Scott Baker was introduced at Wednesday’s liquor board meeting by Chairwoman Sheryl Davis Kohl as its new general manager.

Kohl said Baker has “a lot of great qualities.”

In an email, Kohl noted Baker’s 32 years of law enforcement experience and previous experience working with liquor boards.

“Commissioners and Staff at the Harford County Liquor Control Board are looking forward to working with Scott Baker,” Kohl wrote.

Annapolis Mayor Gavin Buckley fired Baker Feb. 22, about 18 months after Baker had been promoted to chief of the city’s police department. The mayor cited waning confidence in the chief’s ability to forge positive ties with residents in high-crime areas of Annapolis as his reason for firing Baker.

After his firing, Baker remained in his position for about a month, running the day-to-day operations until March 20, and remained on the city’s payroll through the summer.

Retired from the Baltimore Police Department after serving nearly 21 years, Baker joined the Annapolis department in 2008. He was named chief when the former chief was fired after a year with 10 homicides in the city.

The Timonium resident, who has lived in Edgewood and the Harford County side of Monkton, starts with the Harford liquor board Monday.

“I’ve been in police work for 32 years, it’s time to take it down a notch,” Baker said Wednesday.

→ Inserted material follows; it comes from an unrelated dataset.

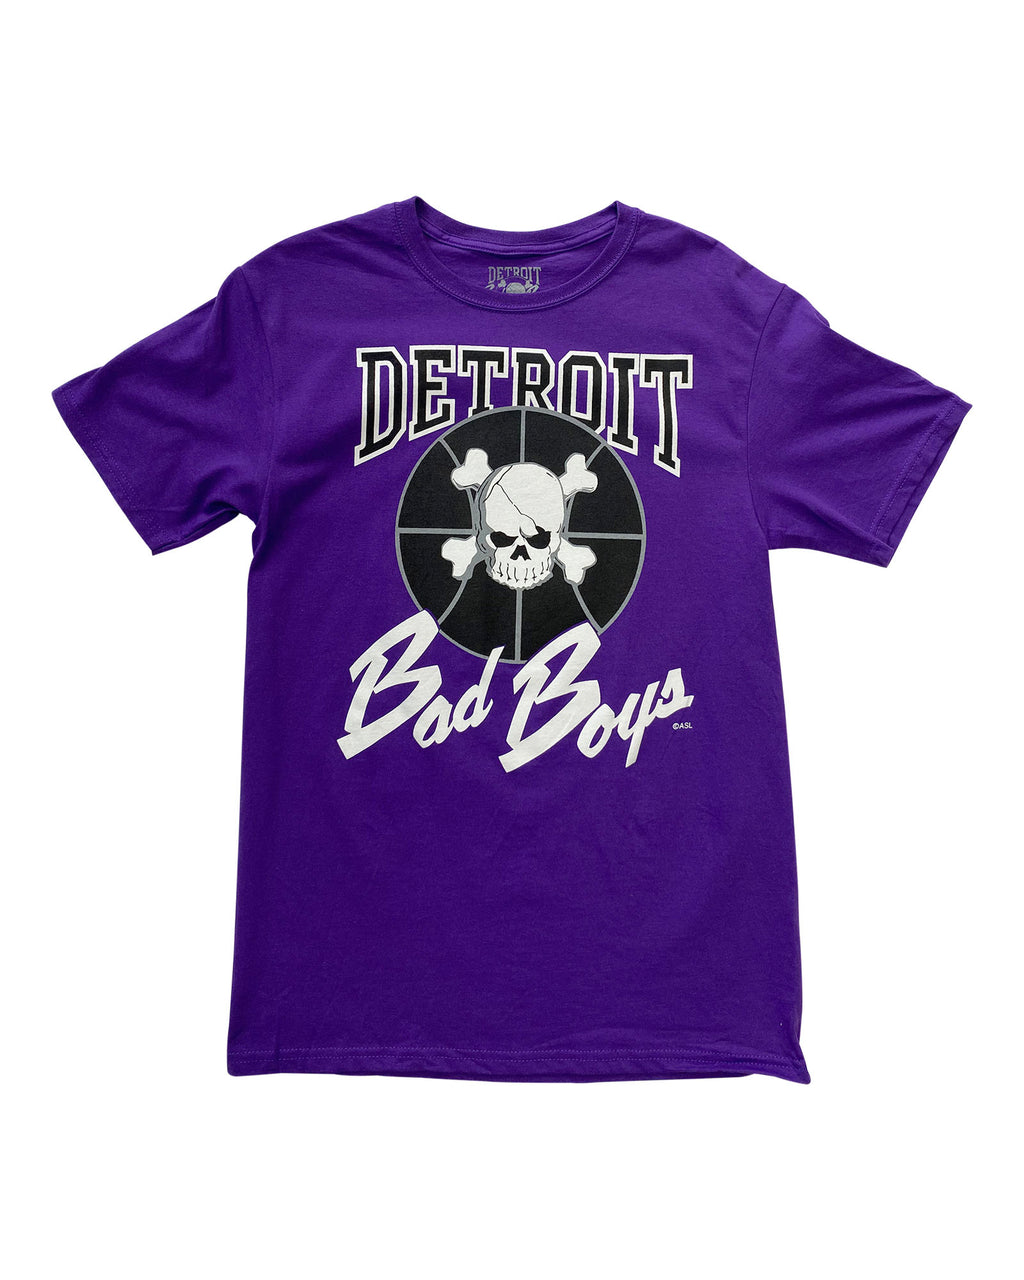 Authentic Detroit Bad Boys Purple T-Shirt
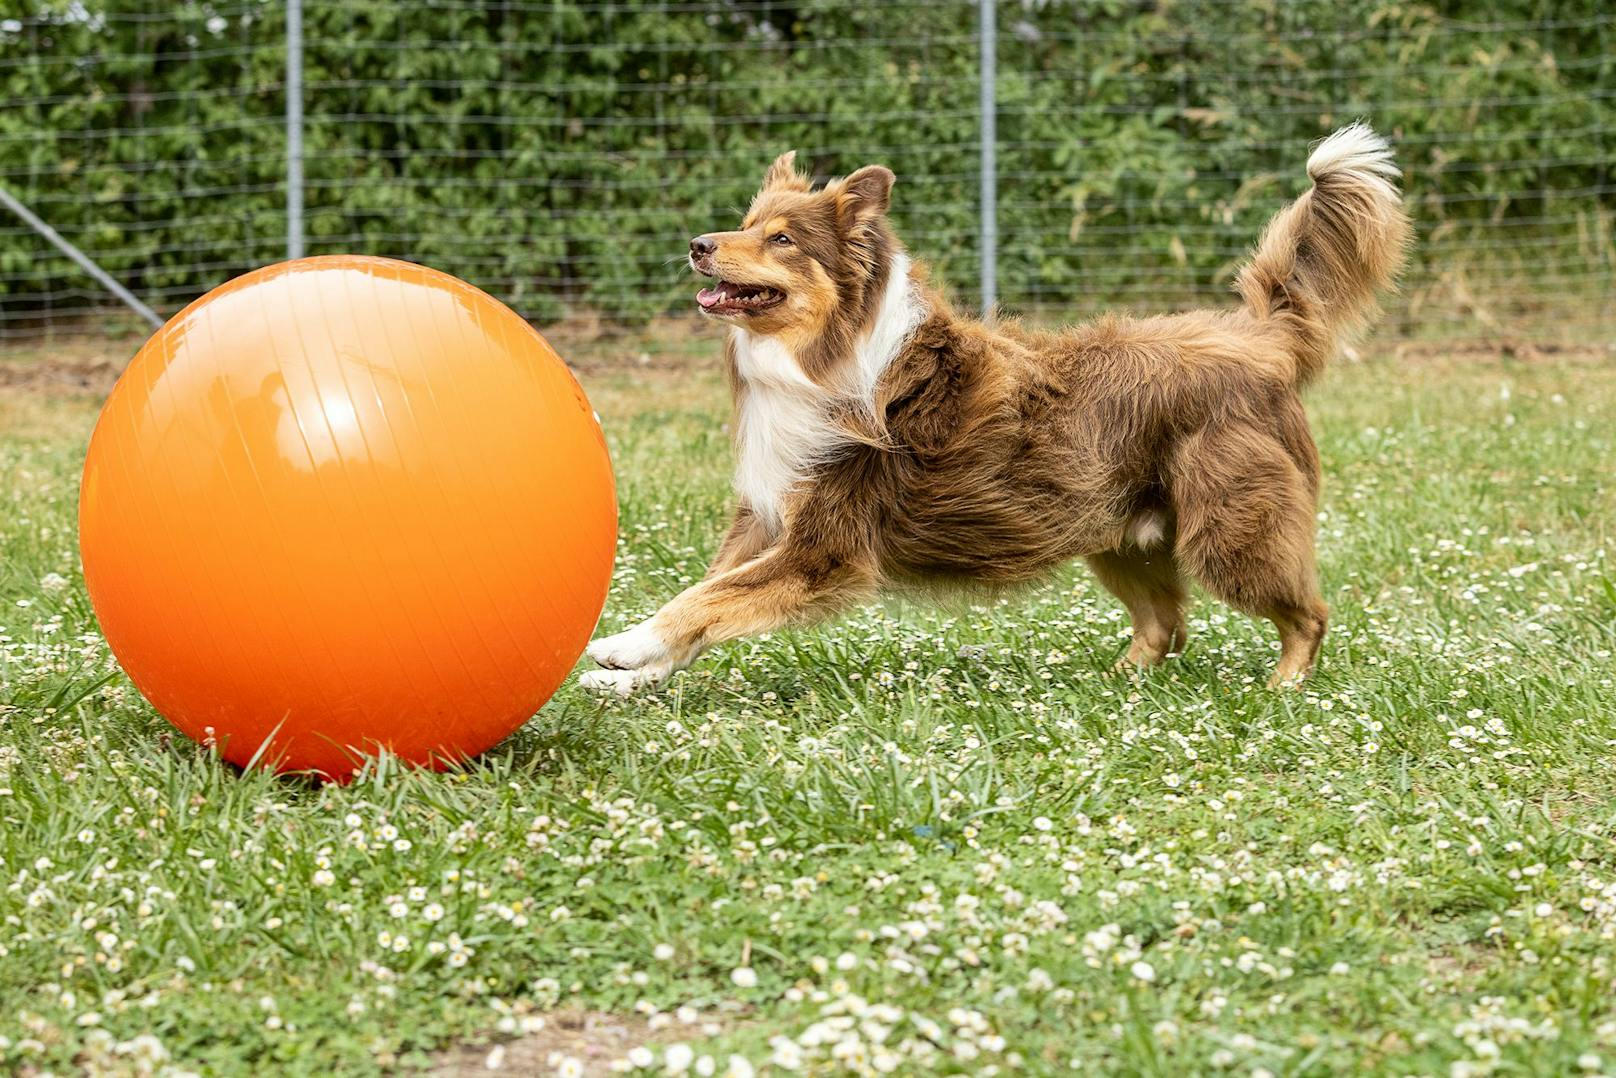 Der Hund muss hier zunächst lernen, seinen Impuls zu kontrollieren den Ball "widerrechtlich" zu bewegen.

Liquor inspectors fell under his purview at one point in Annapolis, so it’s something that interested him, Baker said.

Baker was hired to replace Pilar Gracia, who left the board June 10.

Gracia’s departure coincided with the Harford liquor board and its staff coming under fire from the LGBTQ community after Gracia and inspector William Colburn met with several restaurant owners and liquor licensees about scheduled drag events, ultimately leading to those events being canceled.

Kohl said in June that Gracia leaving was a personnel matter and “absolutely not” related to the controversy surrounding the canceled drag events.

Around the same time, the liquor board and the Maryland LGBT Chamber of Commerce issued a joint statement calling the dust-up “a miscommunication between the board and the licensees.”

Gracia was hired as the board’s legal counsel in February 2008 and in July 2015 became the board administrator when the previous administrator resigned.

She had been serving both roles until May, when the board chose to separate them and hired Amy Finneran, a solo attorney who is of counsel to the law office of Baltimore County-based Burgess Law LLC, to serve as its legal counsel.

The title change from administrator to general manager is simply a name change to reflect language used in state statutes — the responsibilities remain the same, which is day-to-day operations of the liquor control agency.